Wenn man in seine eigene Familienchronik zurückblickt, dann wird wahrscheinlich fast jeder eine Geschichte finden, ähnlich der, die hier erzählt wird. Hier heißen die Darsteller Alfons, Hans, Franz und Willi und deren Schwester Aenne. In meiner Familie waren es Alex und seine sechs Brüder. Mein Urgroßvater war der einzige Sohn, der den Krieg überlebte, weil er als Kleinster zuhause geblieben war. Alle anderen fielen im Krieg. So erging es auch den Brüdern von Reinhold Beckmann. Alle vier wurden Soldaten - der eine freiwillig, die anderen wurden eingezogen. Und keiner kehrte von der Front zurück. Zurück blieb nur die Schwester, die ohne Eltern und ohne Geschwister versuchte sich durchzukämpfen nach dem Krieg.

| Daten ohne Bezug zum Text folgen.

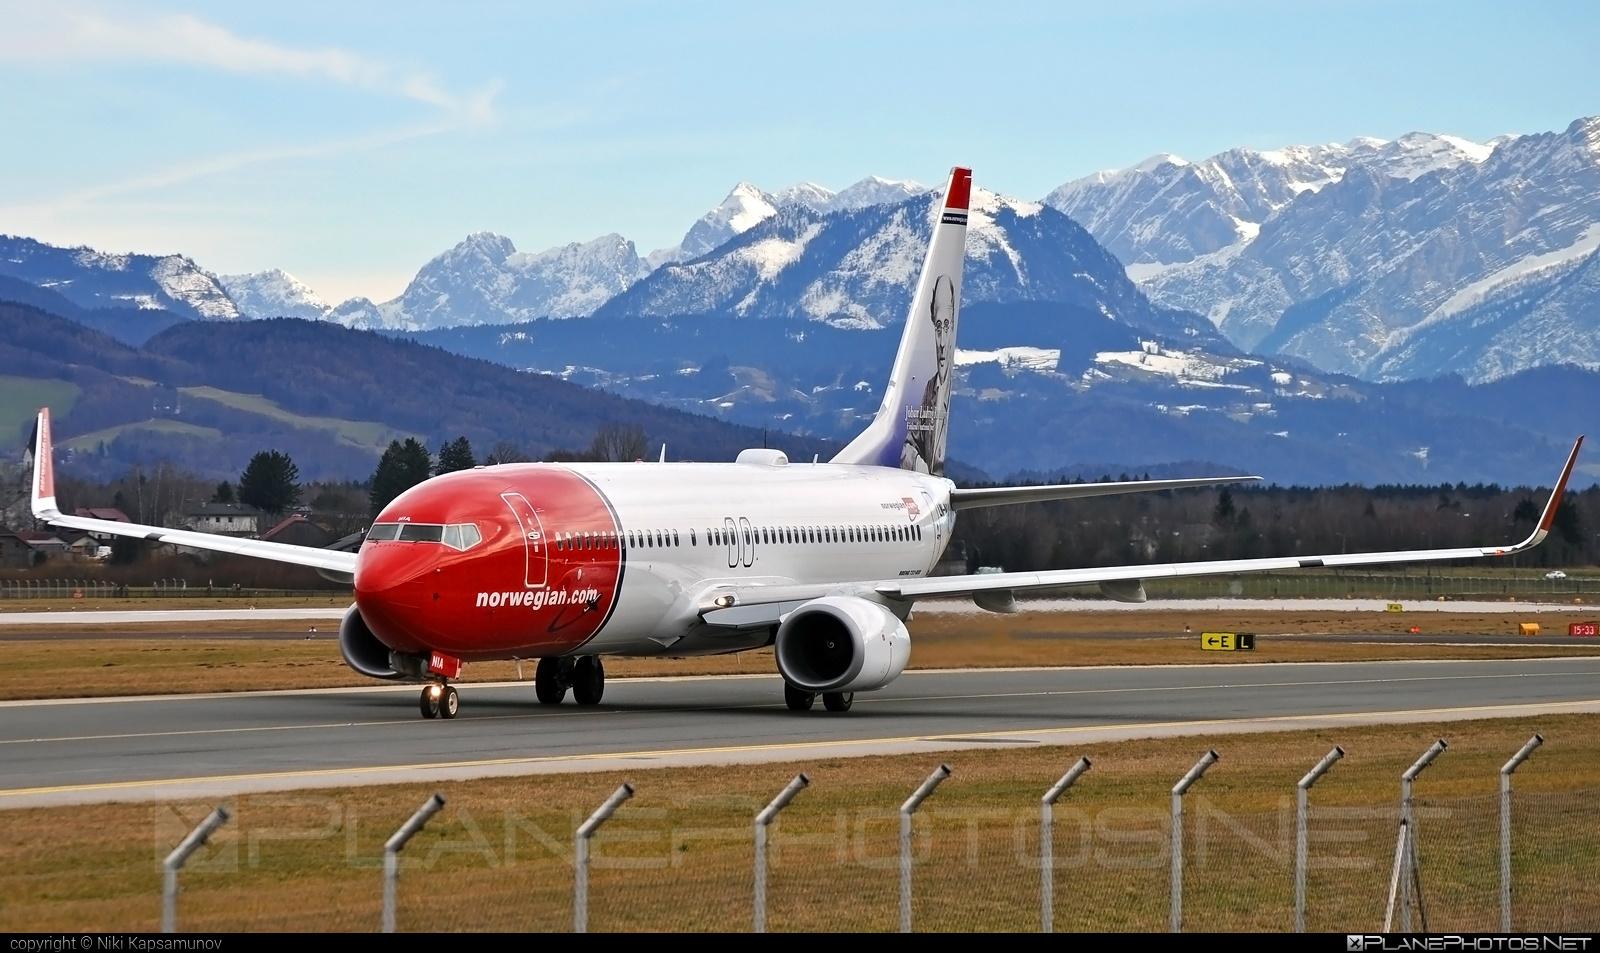 Boeing 737-800 - LN-NIA operated by Norwegian Air Shuttle #b737 #b737nextgen #b737ng #boeing #boeing737 #norwegian #norwegianair #norwegianairshuttle

Beckmann schreibt emotional und sehr persönlich. Als Grundlage für die Recherche und das Buch dienten die Briefe der verstorbenen Onkel und die langen Gespräche mit der Mutter über ihre Brüder. Besonders hat mir gefallen, dass Aenne sie nie vergessen hat und diese Erinnerung dadurch in ihrer Familie bestand hat und ihr Sohn Reinhold dem kurzen tragischen Leben der vier Brüder ein Denkmal setzt. Und ein bisschen war es wie ein Denkmal auch für die Gefallenen in meiner Familie. Das hat mich berührt. Das finde ich wichtig.